• **PROBLEM DESCRIPTION**: Return the listing exactly, please; no pictures.

• **THE DATA**:
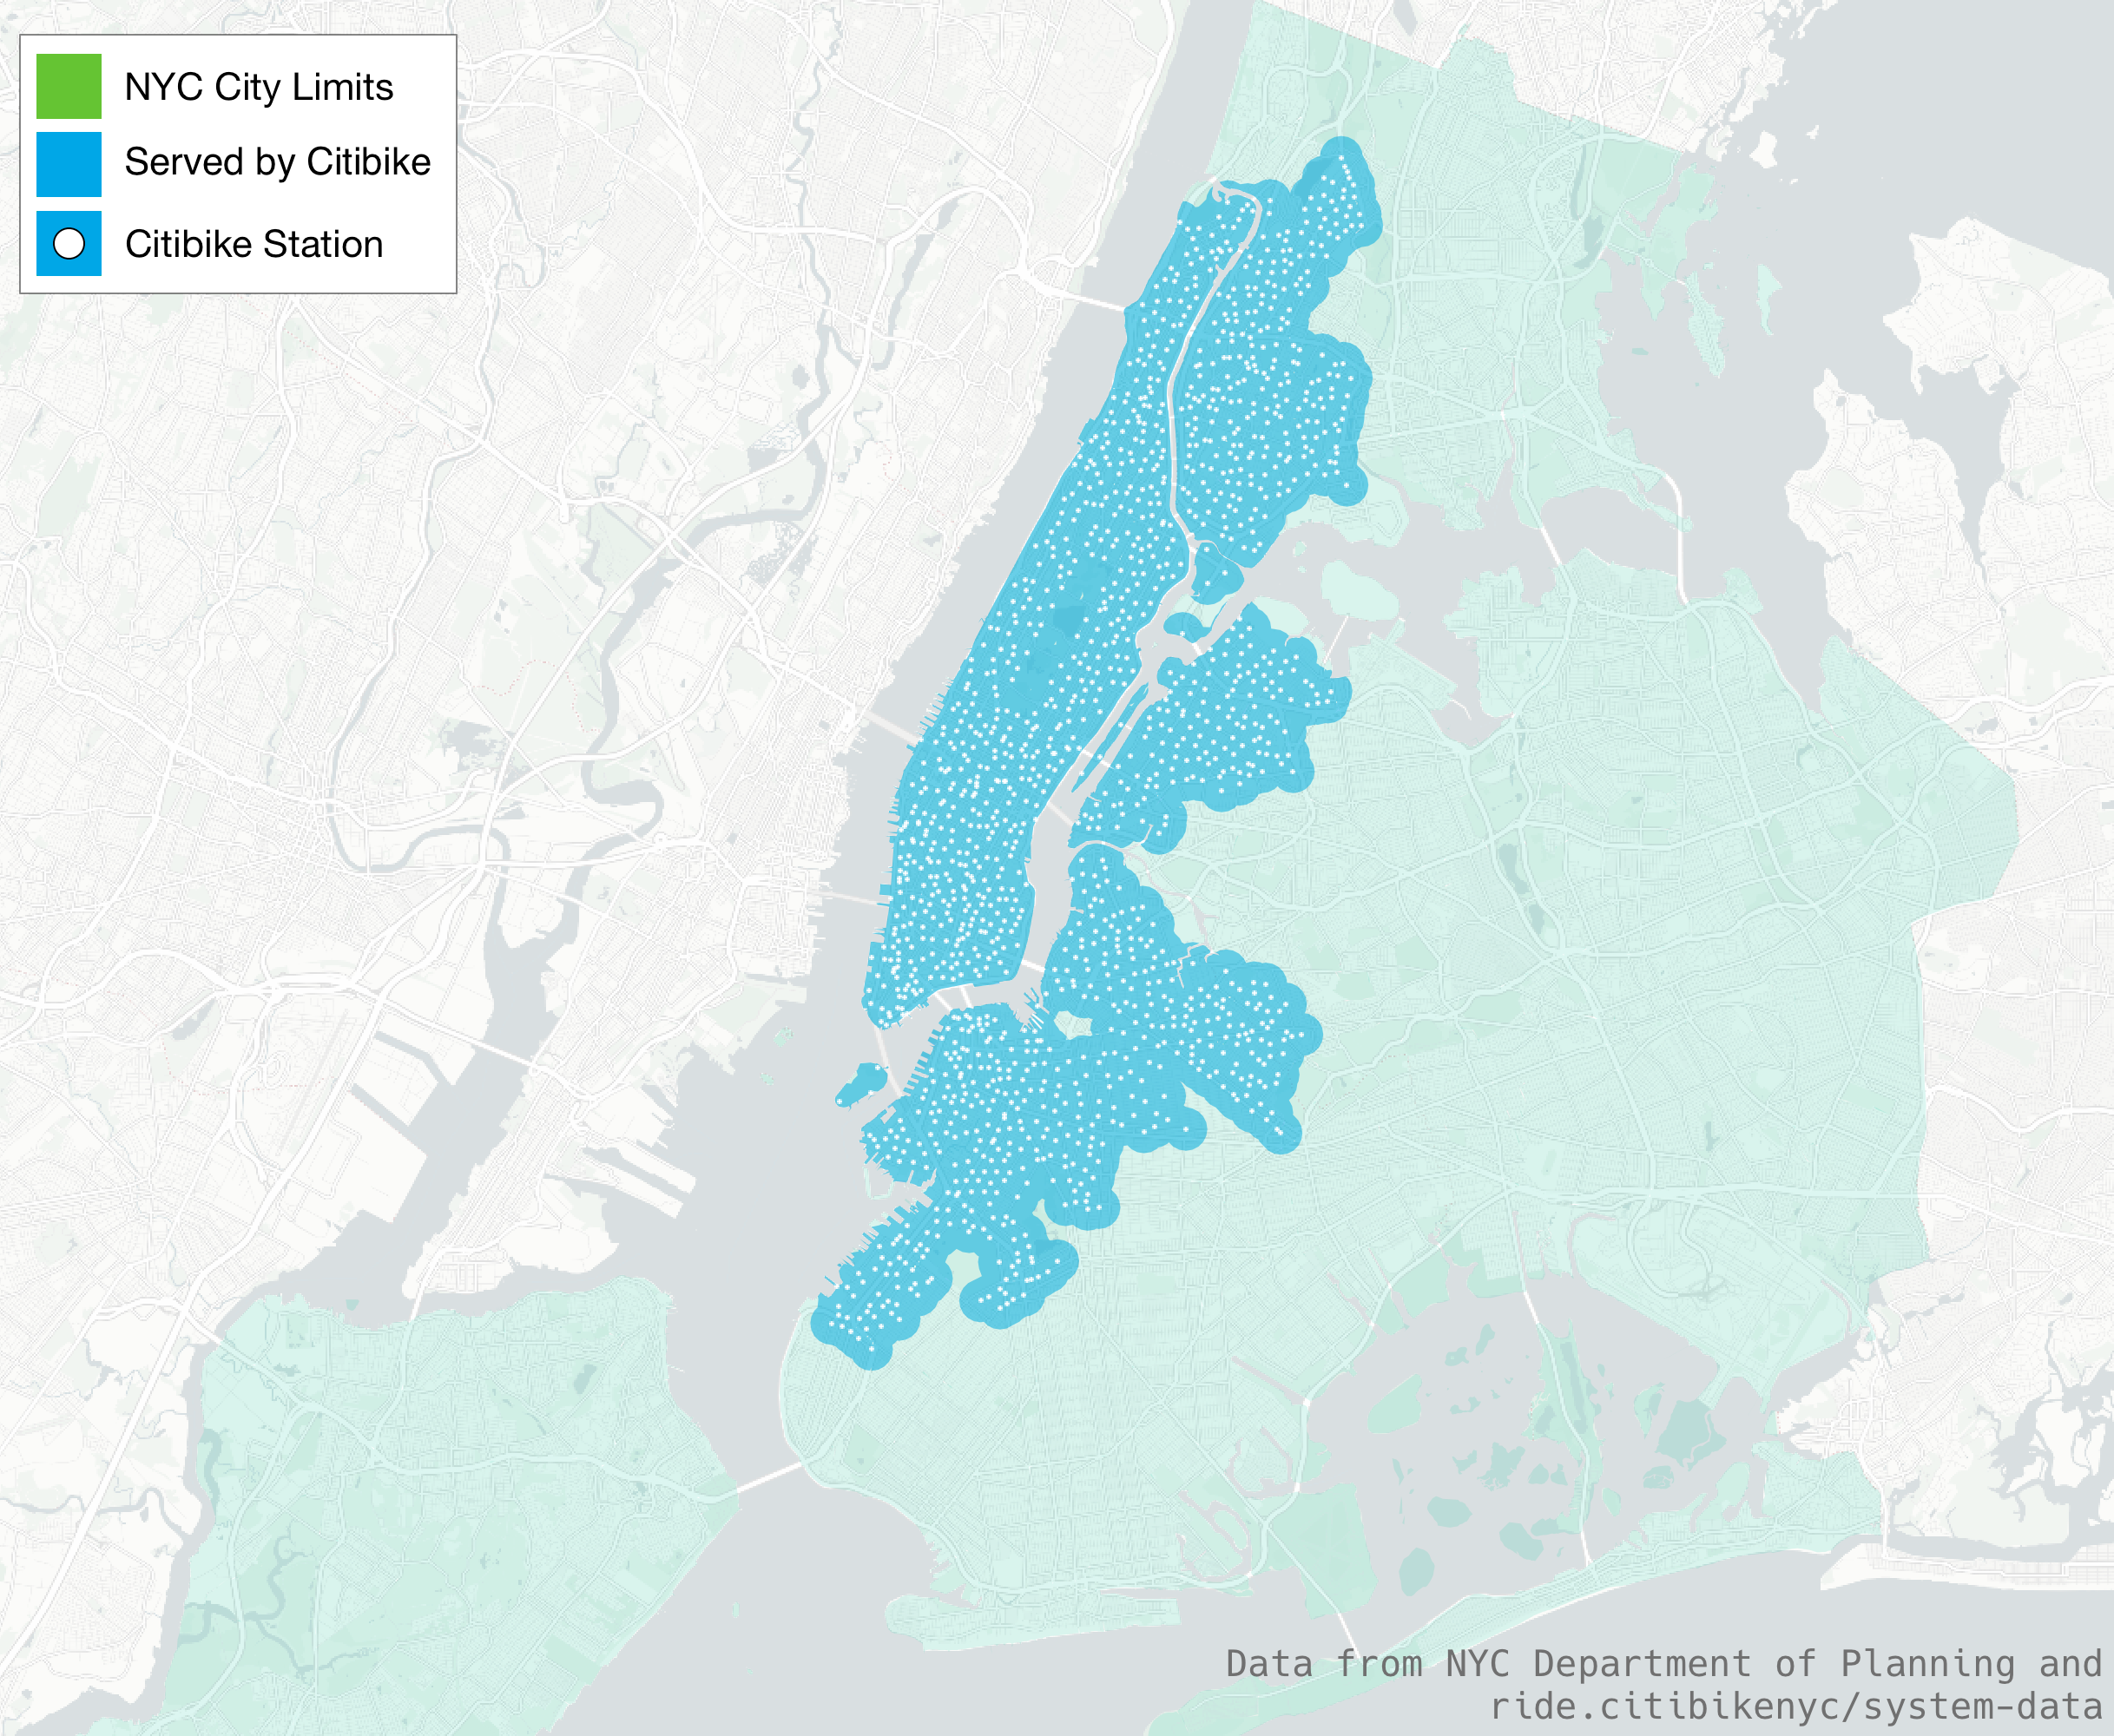 Areas served by Citibike
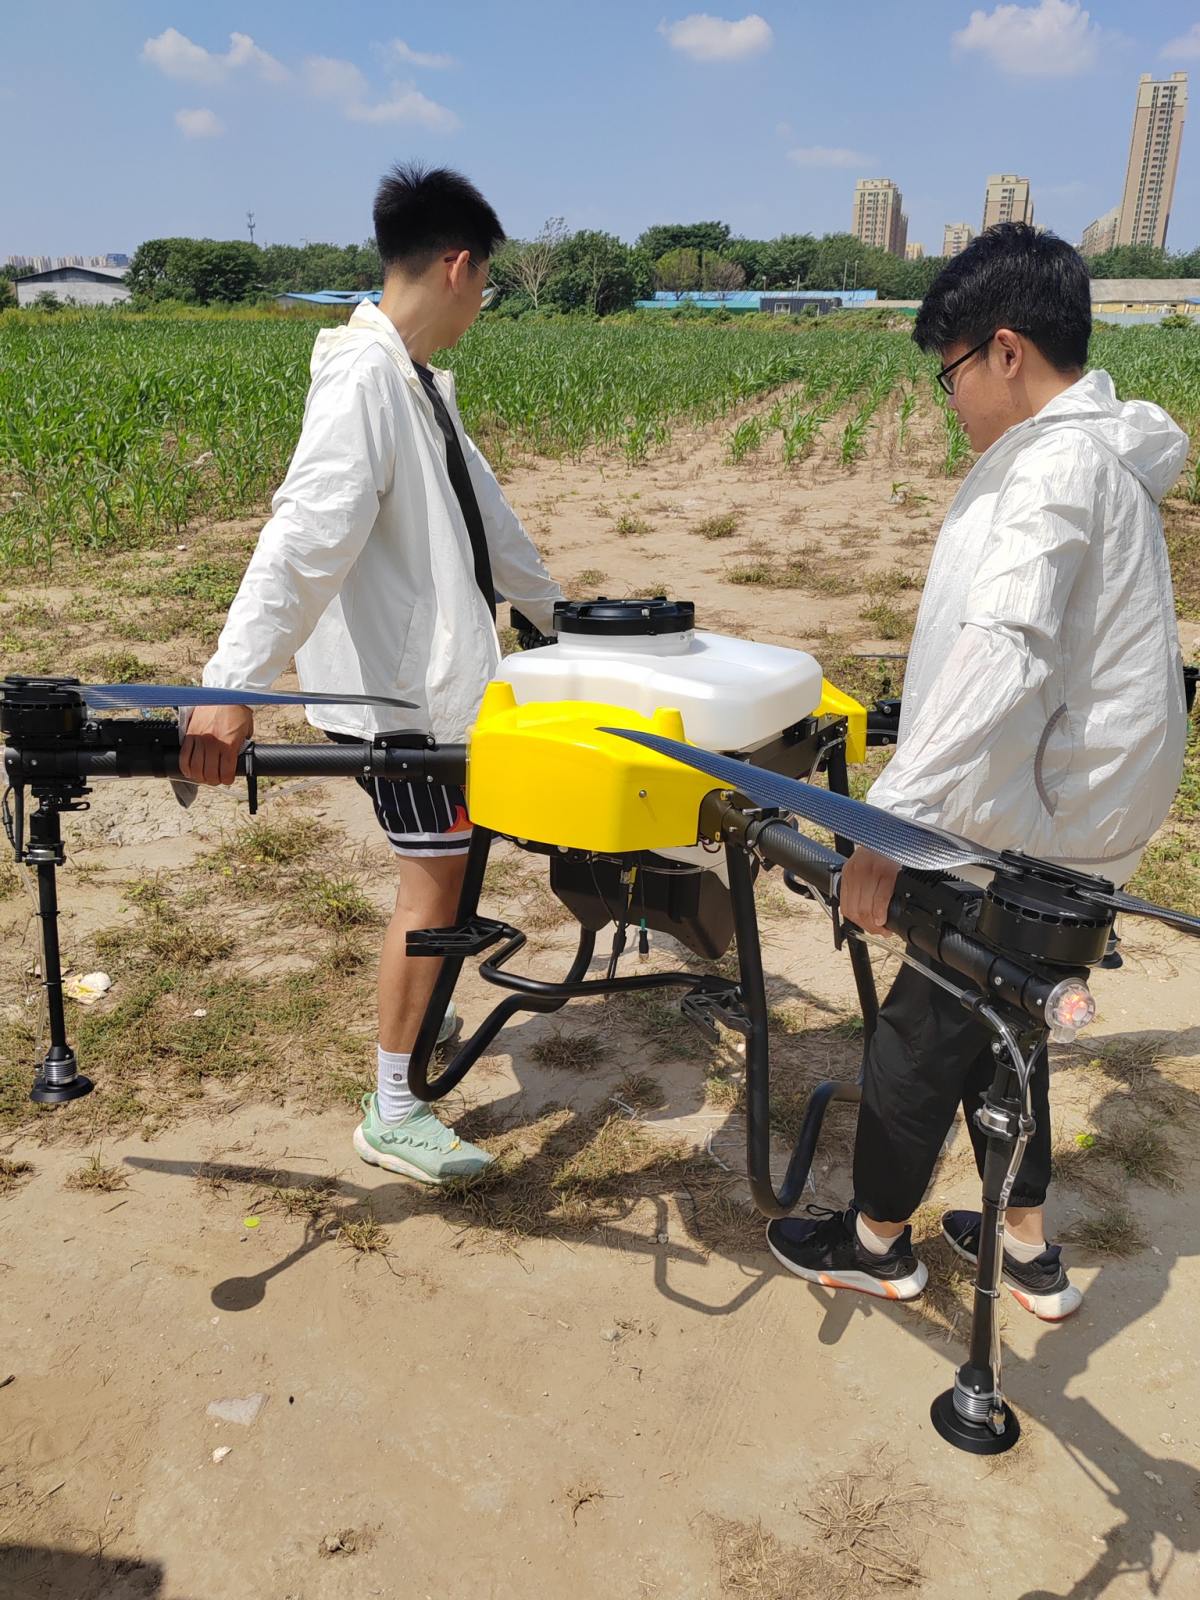 JT40L-404 agricultural sprayer drones with centrifugal nozzles T40 drone 70L spreader tank-drone agriculture sprayer, agriculture drone sprayer, sprayer drone, UAV crop duster
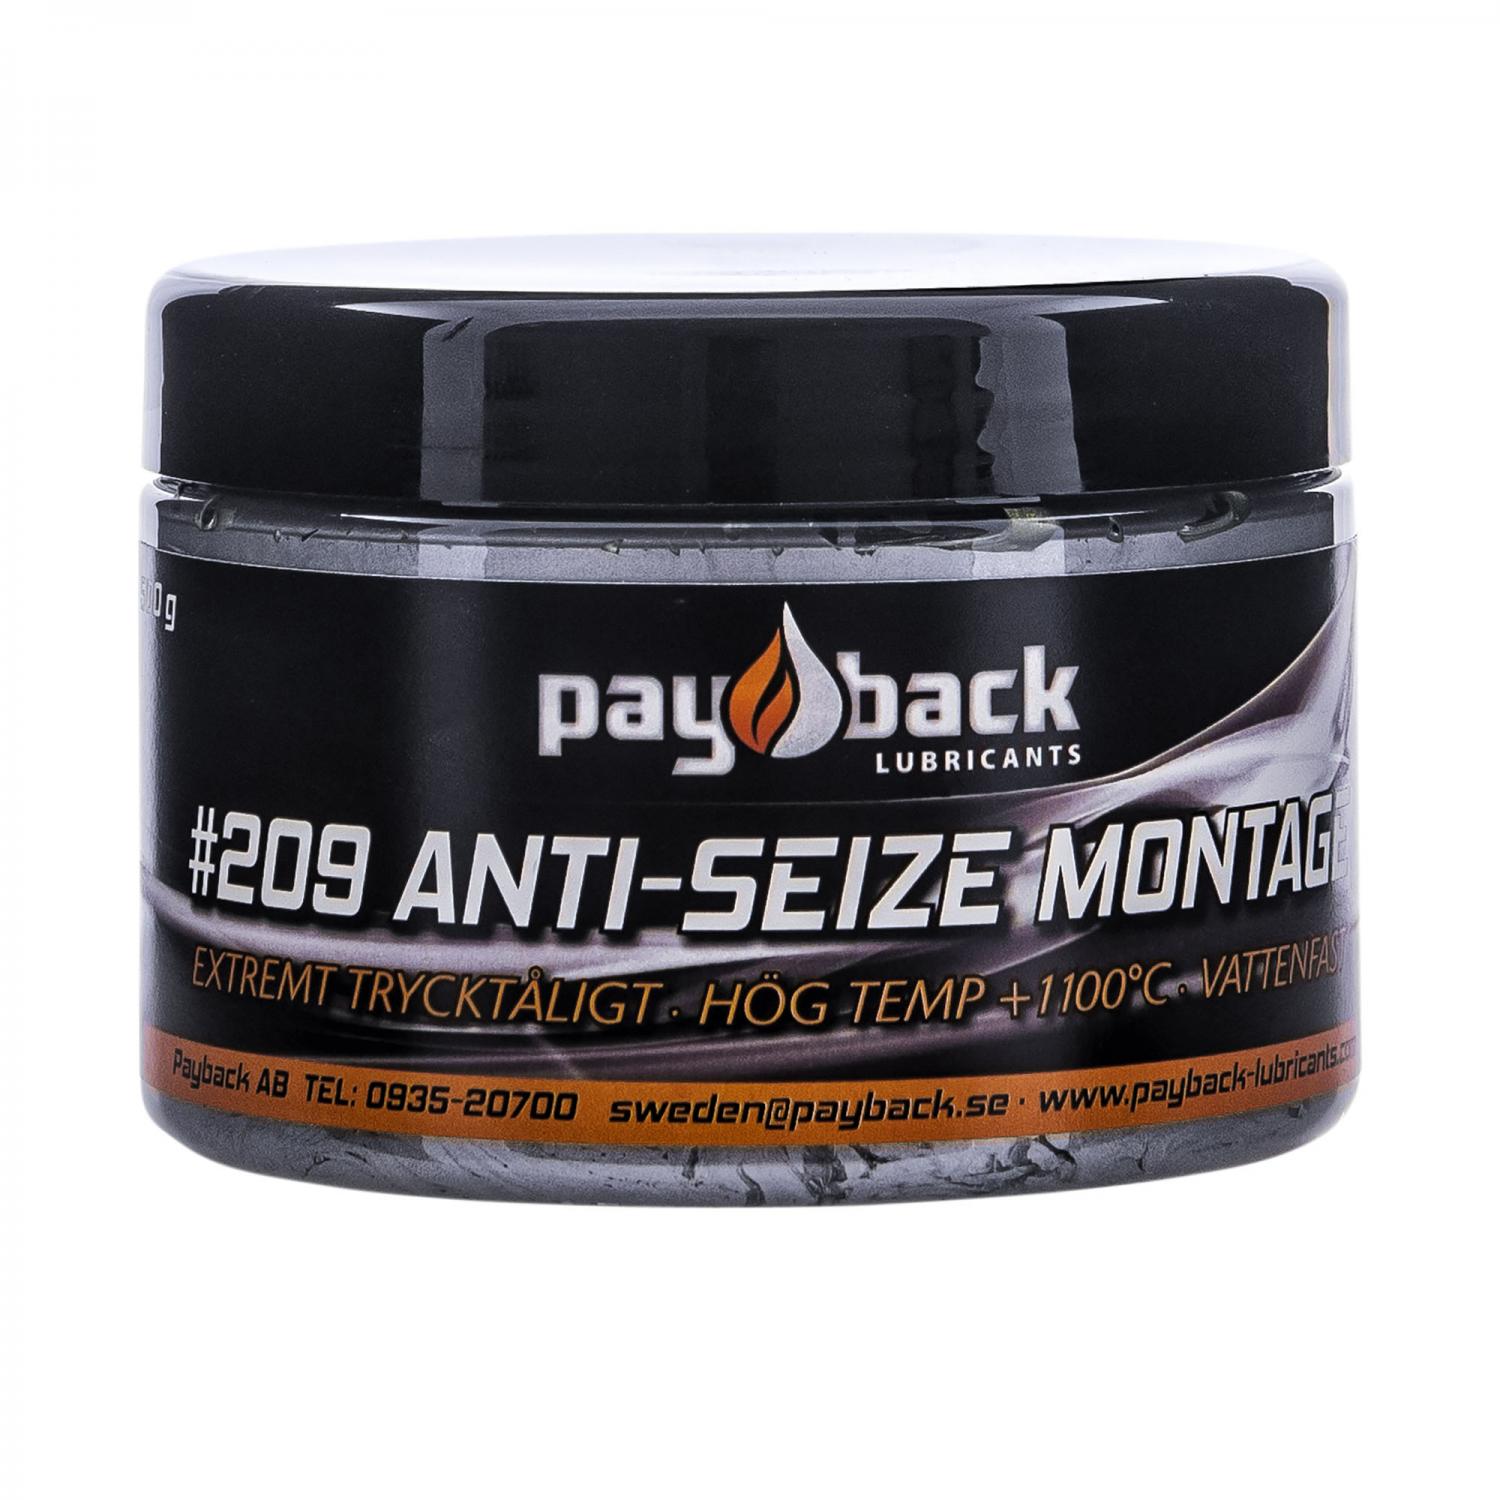 Payback #209 Anti-Size Montage "Montagepasta" 500g

• **EXERCISE RESPONSE**:
 Areas served by Citibike
 JT40L-404 agricultural sprayer drones with centrifugal nozzles T40 drone 70L spreader tank-drone agriculture sprayer, agriculture drone sprayer, sprayer drone, UAV crop duster
 Payback #209 Anti-Size Montage "Montagepasta" 500g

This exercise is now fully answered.